- Born: 6 May 1955 (age 71) Heerlen, Netherlands
- Education: TU Eindhoven
- Occupation: Architect
- Practice: Wiel Arets Architects
- Buildings: Maastricht Academy of Art and Architecture Euroborg Stadium The Hoge Heren Utrecht University Library [nl]

= Wiel Arets =

Dutch architect

Wiel Arets (/nl/, born ) is a Dutch architect, architectural theorist, urbanist, industrial designer and the former dean of the college of architecture at the Illinois Institute of Technology in Chicago. Arets was previously the 'Professor of Building Planning and Design' at the Berlin University of the Arts (UdK), Germany, and studied at the Technical University of Eindhoven, graduating in 1983. The same year later he founded Wiel Arets Architects, a multidisciplinary architecture and design studio, today with studios in Amsterdam, Maastricht, Munich, and Zürich. From 1995 to 2002 he was the dean of the Berlage Institute in Rotterdam, where he introduced the idea of 'progressive-research' and co-founded the school's architectural journal named HUNCH.

==Life and career==
Wiel Arets was born on 6 May 1955 in Heerlen, Netherlands, to Wiel Arets (1929) and Mia Heuts (1931). His father was a book printer and his mother was a fashion designer, both from whom he learned respect for the tradition of craft and a love of books and reading. He briefly studied engineering, and then physics, before ultimately deciding on architecture. He divides his time between Chicago, Maastricht, Berlin, Amsterdam and Zürich, living and working in each city. He is married and has two children. Arets' work is generally characterized by a minimalist, geometric and austere approach that responds to local contingencies in a flexible way, with Arets explaining: 'We want our buildings to fit into the existing context, yet remain flexible and open to change'.

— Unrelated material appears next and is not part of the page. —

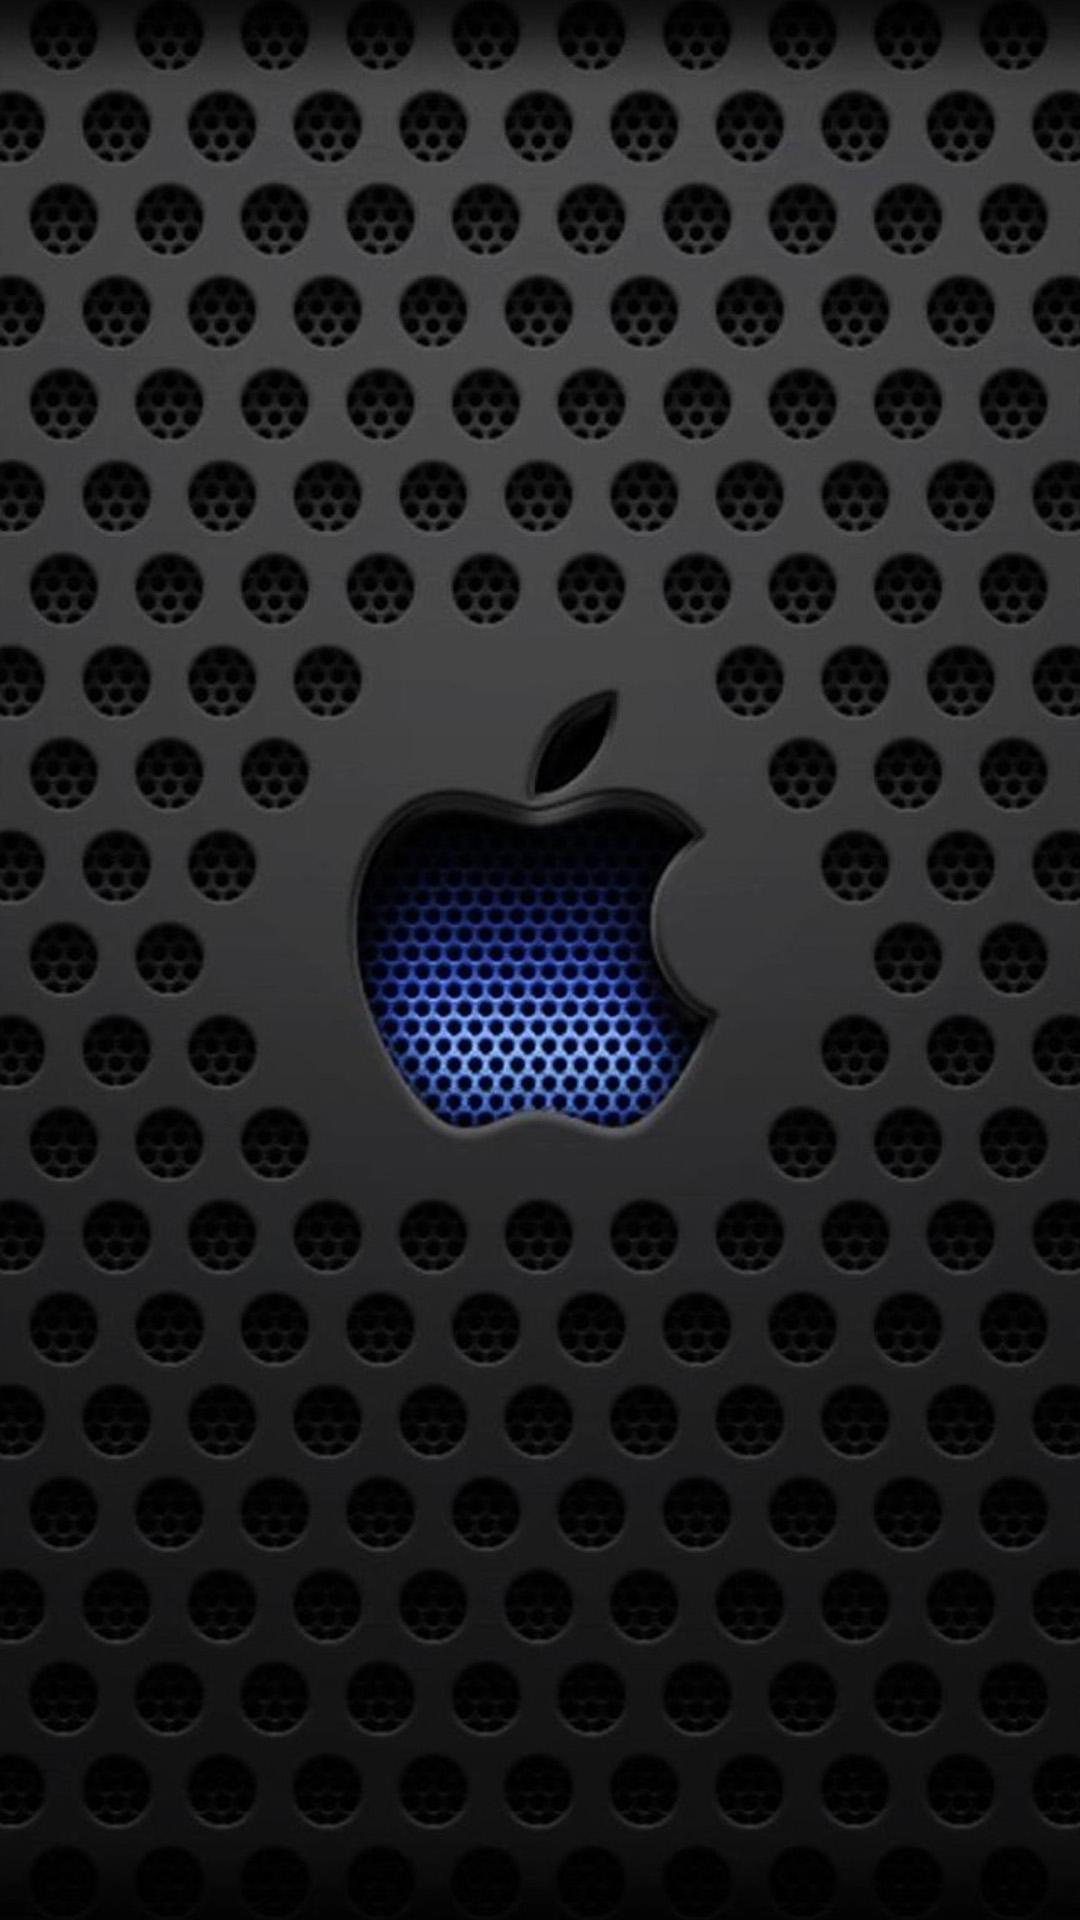 48 ] Apple IPhone 6 Wallpaper On WallpaperSafari

During his studies at the Technical University of Eindhoven (TU/e) Arets became fascinated by the works and words of Paul Valéry, Giorgio Grassi and Cesare Cattaneo, quickly developing his admiration for 'the dialogue' as an operative method, best exemplified by Valéry's 'Eupalinos' and Cattaneo's 'Giovanni e Giuseppe'. While studying Arets co-founded the architectural journal Wiederhall and organized a series of visiting lecturers at the TU/e that included the architects Zaha Hadid, Tadao Ando and Peter Eisenmann, among others. Subsequently, Arets organized the first European exhibition of Tadao Ando's work. It was during this period that Arets 'rediscovered' the work of Dutch architect Frits Peutz, who transformed the city of Heerlen from an industrial coal mining hub and into a modern city through his many built commissions funded by the coal industry, most recognizably the Glaspaleis. With the decline of industry the city lost most of its status as an industrial area in Limburg and Frits Peutz faded from architectural prominence.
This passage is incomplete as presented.